Anti-GT1a IgG in Guillain-Barré syndrome

OBJECTIVE: To investigate the presence of serum anti-GT1a IgG in Guillain-Barré syndrome (GBS) and its relation to clinical manifestations. BACKGROUND: Several patients with GBS and bulbar palsy have been reported to have serum anti-GT1a IgG. Most, however, also have anti-GQ1b IgG. A previous study failed to detect GT1a in human cranial nerves, but GQ1b was abundant in human ocular motor nerves. Whether anti-GT1a IgG itself determines the clinical manifestations is not yet clear. METHODS: The association of clinical manifestations with the presence of anti-GT1a IgG and with its cross reactivity was investigated. An immunochemical study was performed to determine whether GT1a is present in human cranial nerves. RESULTS: Anti-GT1a and anti-GQ1b IgG were positive in 10% and 9% respectively of 220 consecutive patients with GBS. Patients with anti-GT1a IgG often had cranial nerve palsy (ophthalmoparesis, 57%; facial palsy, 57%; bulbar palsy, 70%), and 39% needed artificial ventilation. These features were also seen in patients with anti-GQ1b IgG. There was no significant difference between the two groups with respect to the frequency of clinical findings. An enzyme-linked immunosorbent assay showed that anti-GT1a IgG cross reacted with GQ1b in 75% of the patients, GD1a in 30%, GM1 in 20%, and GD1b in 20%. All five patients who carried anti-GT1a IgG that did not cross react with GQ1b had bulbar palsy, neck weakness, absence of sensory disturbance, and positive Campylobacter jejuni serology. Thin-layer chromatography with immunostaining showed that GT1a is present in human oculomotor and lower cranial nerves. CONCLUSIONS: These findings provide further evidence that anti-GT1a IgG itself can determine clinical manifestations.
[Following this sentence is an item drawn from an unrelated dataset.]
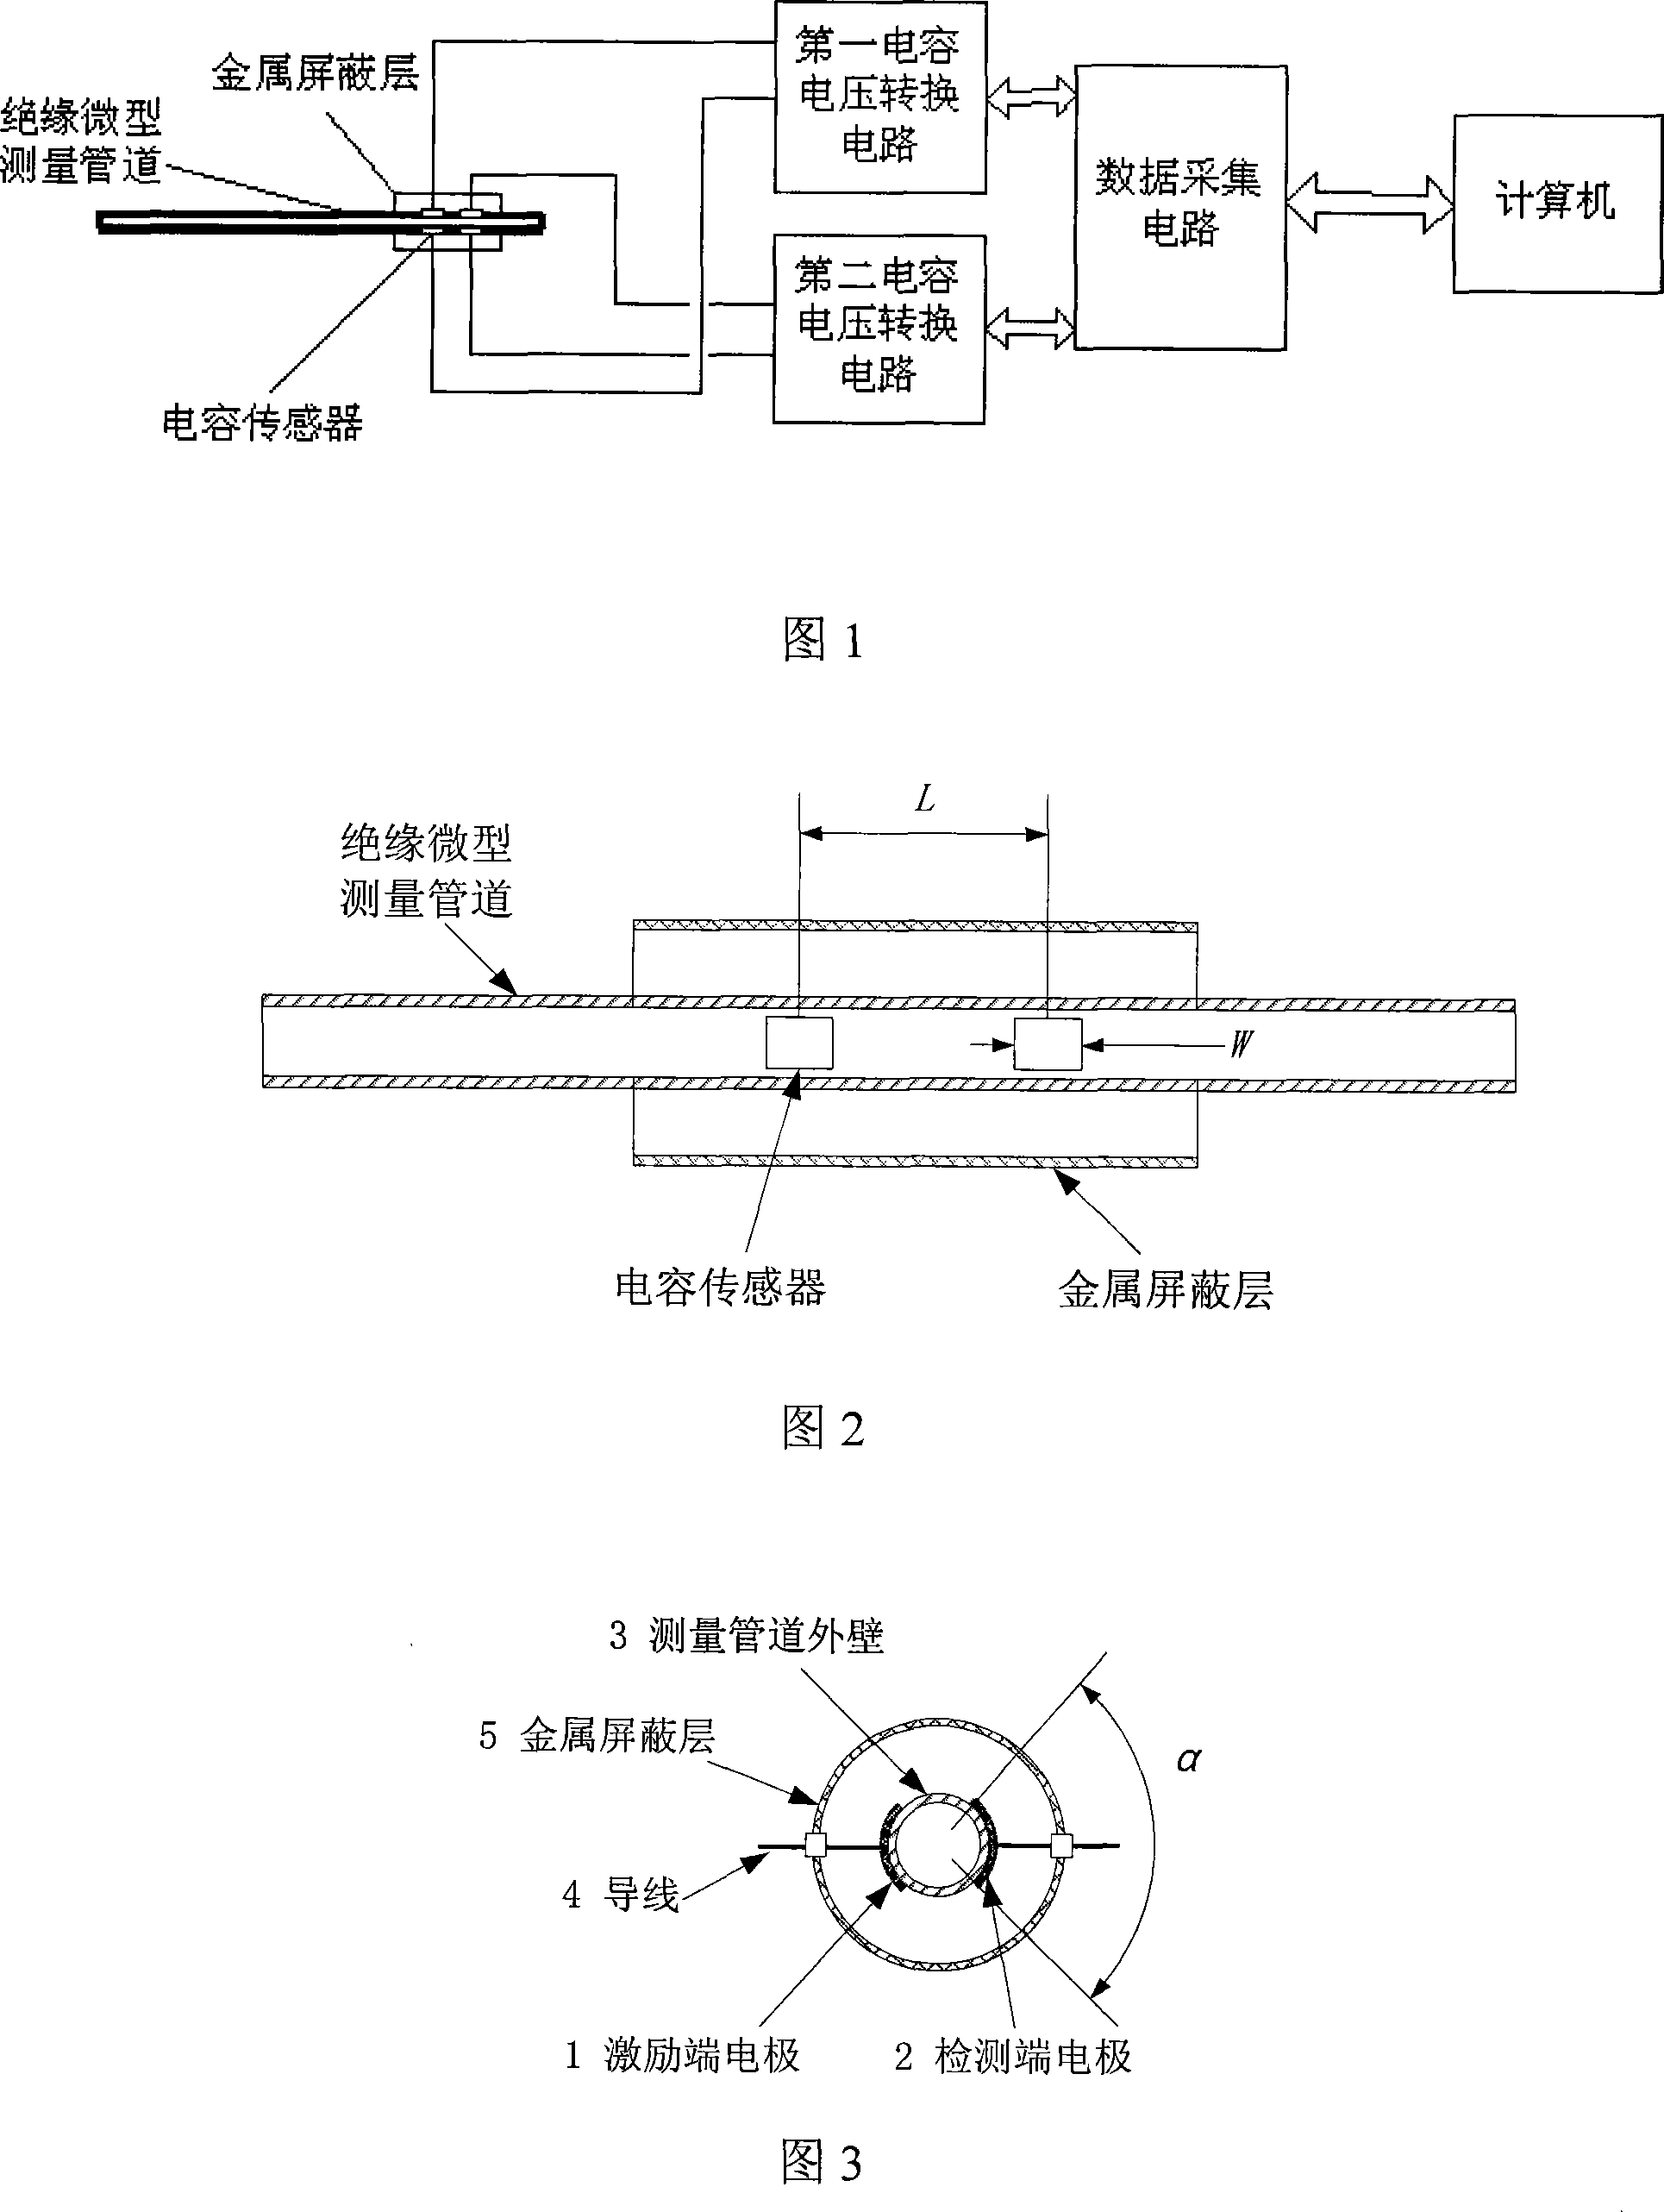 Apparatus and method for measuring microtubule gas-liquid diphasic flow rate

The distinctive clinical features of patients with anti-GT1a IgG without anti-GQ1b activity distinguish a specific subgroup within GBS.     
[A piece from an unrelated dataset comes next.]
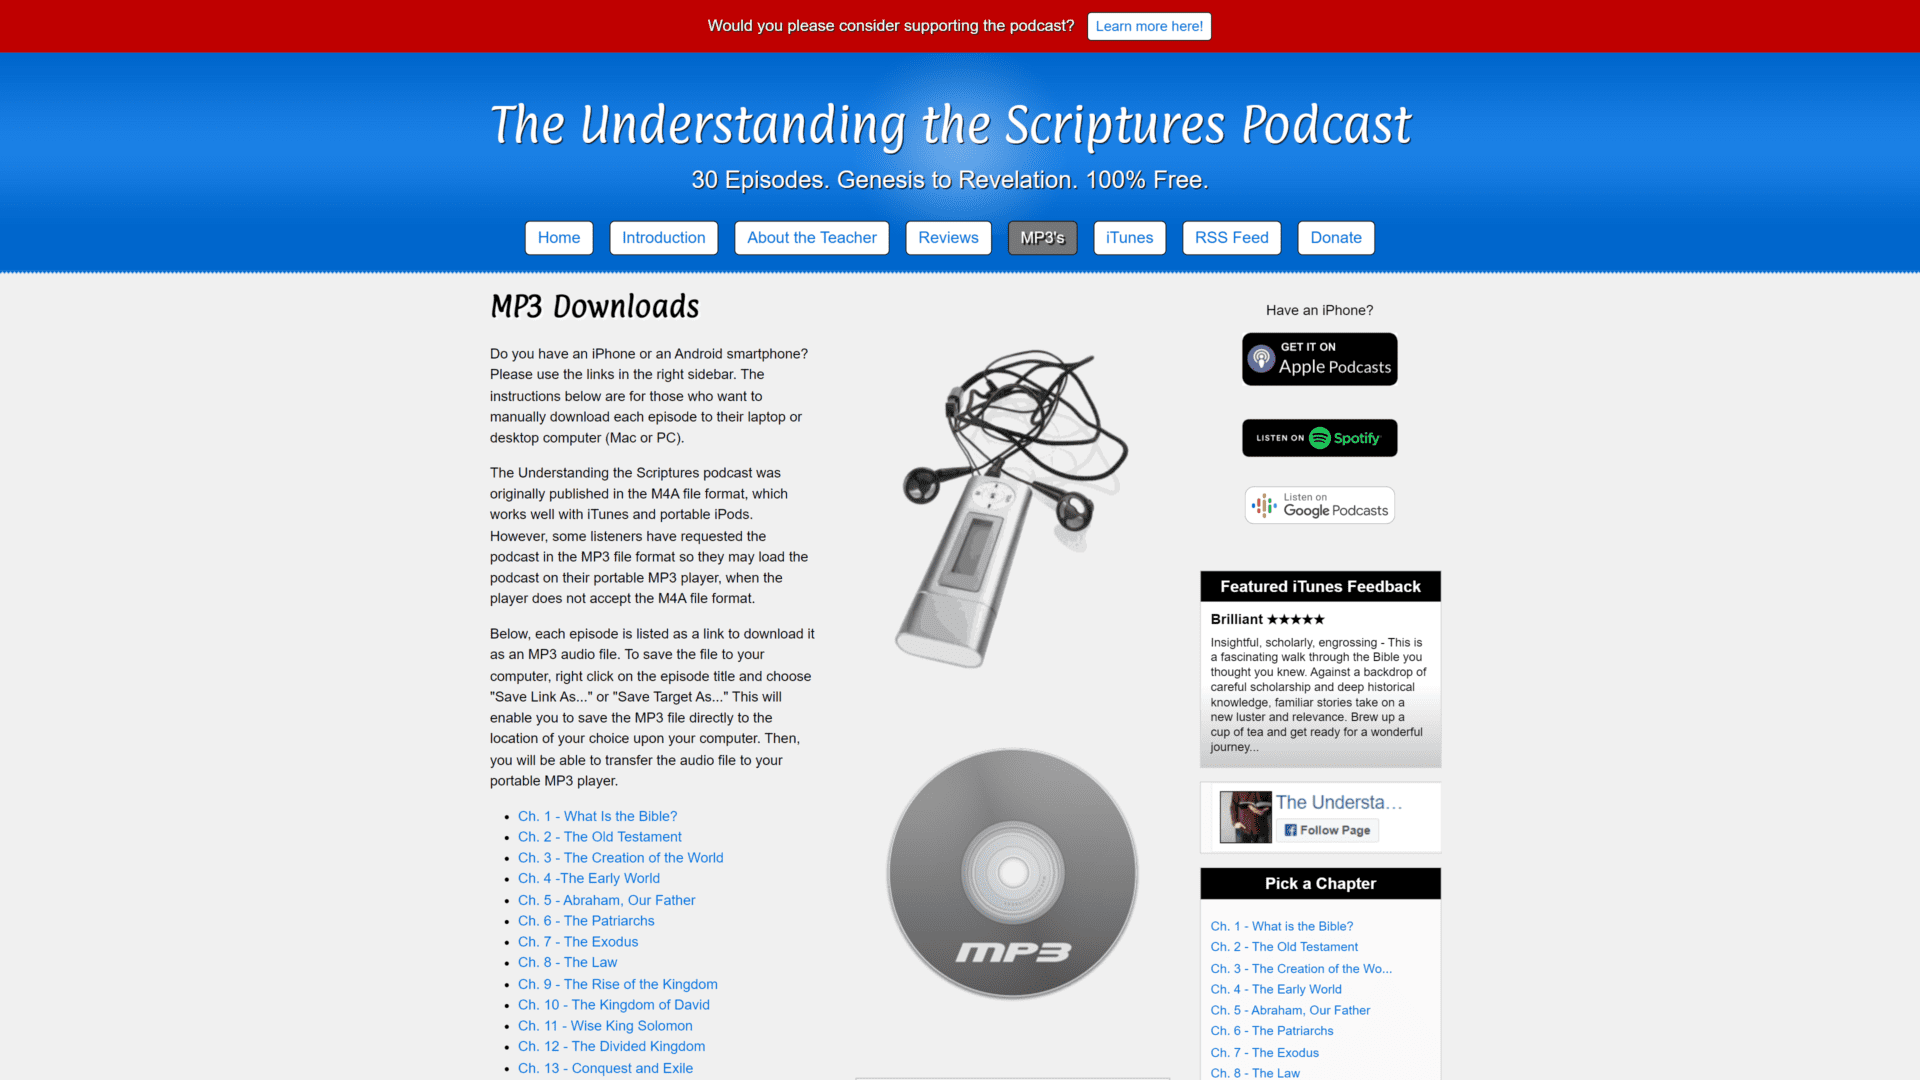 A screenshot of the understanding the scriptures podcast homepage

Pharyngeal-cervical-brachial variant Guillain-Barré syndrome in a child

The pharyngeal-cervical-brachial variant of Guillain-Barré syndrome is uncommon but well recognized in the adult literature. Patients have weakness in a pharyngeal-cervical-brachial distribution with relative lower limb sparing. We describe a 12-year-old boy with predominantly pharyngeal-cervical-brachial weakness and subsequent respiratory failure. Owing to prominent bulbar symptoms, he was initially misdiagnosed as having epiglottitis. This case illustrates that the clinical spectrum of Guillain-Barré syndrome in children includes the pharyngeal-cervical-brachial variant, which is distinct from Miller-Fisher syndrome. Atypical Guillain-Barré syndrome should be considered in the differential diagnosis of a child presenting with bulbar palsy and/or respiratory failure.     
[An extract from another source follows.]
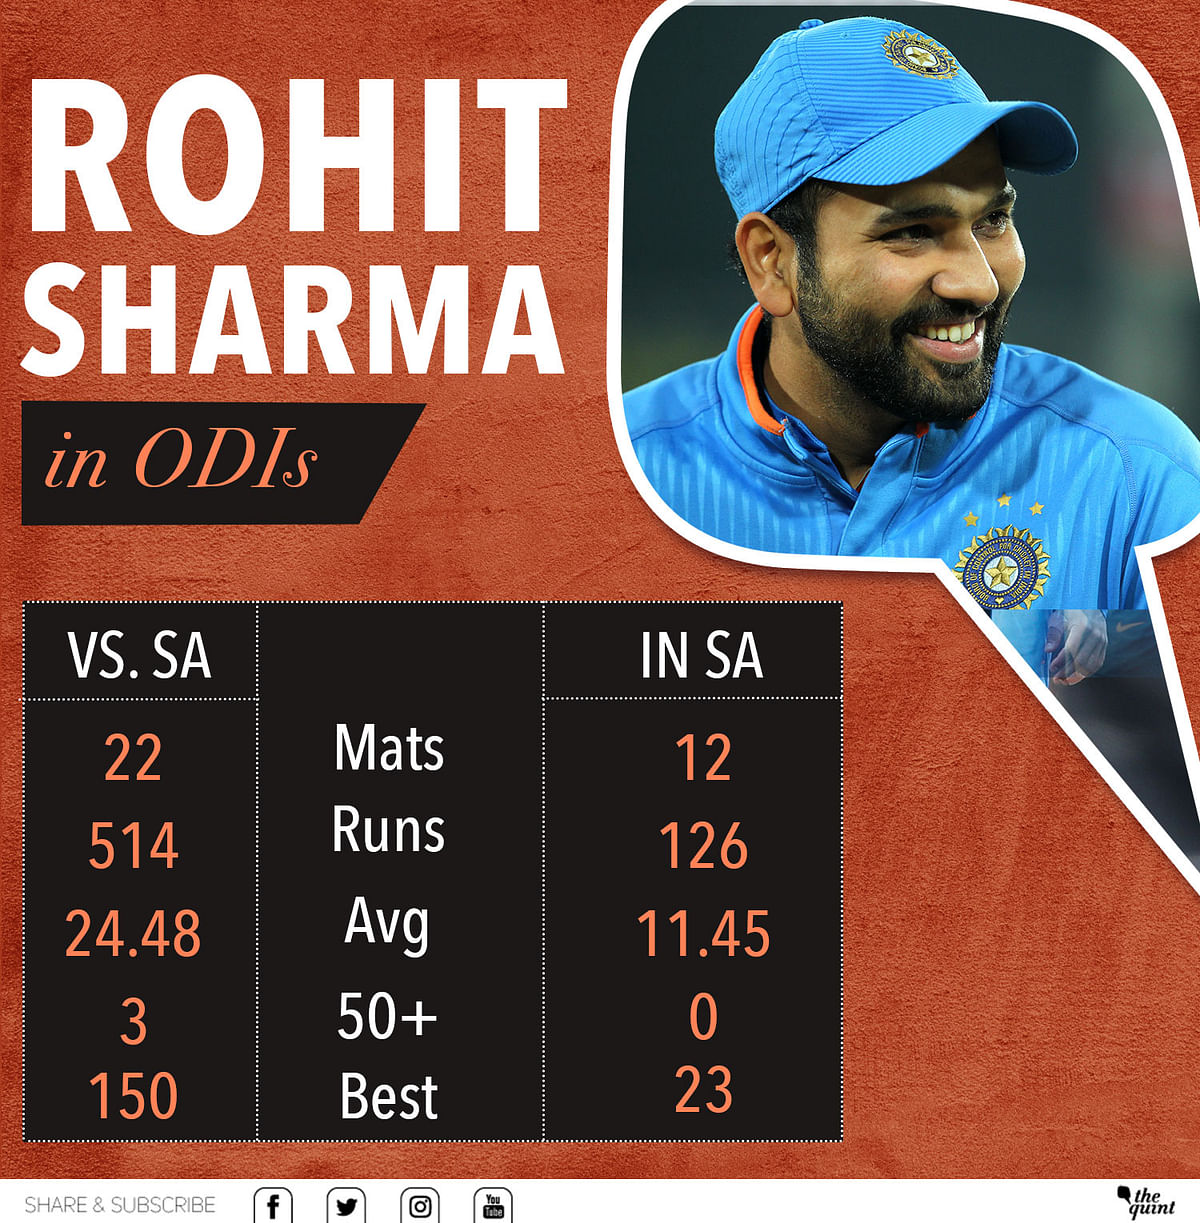 Rohit Sharma has done very little against South Africa – definitely not on this tour, and very little earlier.

Fine specificities of anti-LM1 IgG antibodies in Guillain-Barré syndrome

We investigated the prevalence of anti-LM1 IgG antibody and its fine specificity in Guillain-Barré syndrome (GBS). Anti-LM1 IgG and IgM antibodies from sera of 47 patients with GBS--19 with acute inflammatory demyelinating polyneuropathy (AIDP), 27 with acute motor axonal neuropathy (AMAN), and 1 with acute motor-sensory axonal neuropathy (AMSAN)--were tested. Anti-LM1 IgG antibody was detected in only one patient with AIDP, whereas it was present in seven with AMAN and in one with AMSAN. Sera from the eight IgG anti-LM1-positive patients with AMAN/AMSAN also had IgG activity against the gangliosides GM1, GM1b, GD1a, GalNAc-GD1a, GD1b, or GQ1b. Anti-LM1 IgG antibodies from the AMAN/AMSAN patients cross-reacted with other gangliosides, whereas IgG antibody from the AIDP patient was monospecific against LM1. Anti-LM1 IgG antibody therefore, cannot be a marker of AIDP. In addition, whether monospecific anti-LM1 IgG antibody is associated with AIDP remains to be concluded. Larger studies are needed to verify whether monospecific anti-LM1 IgG antibody could be a marker of AIDP.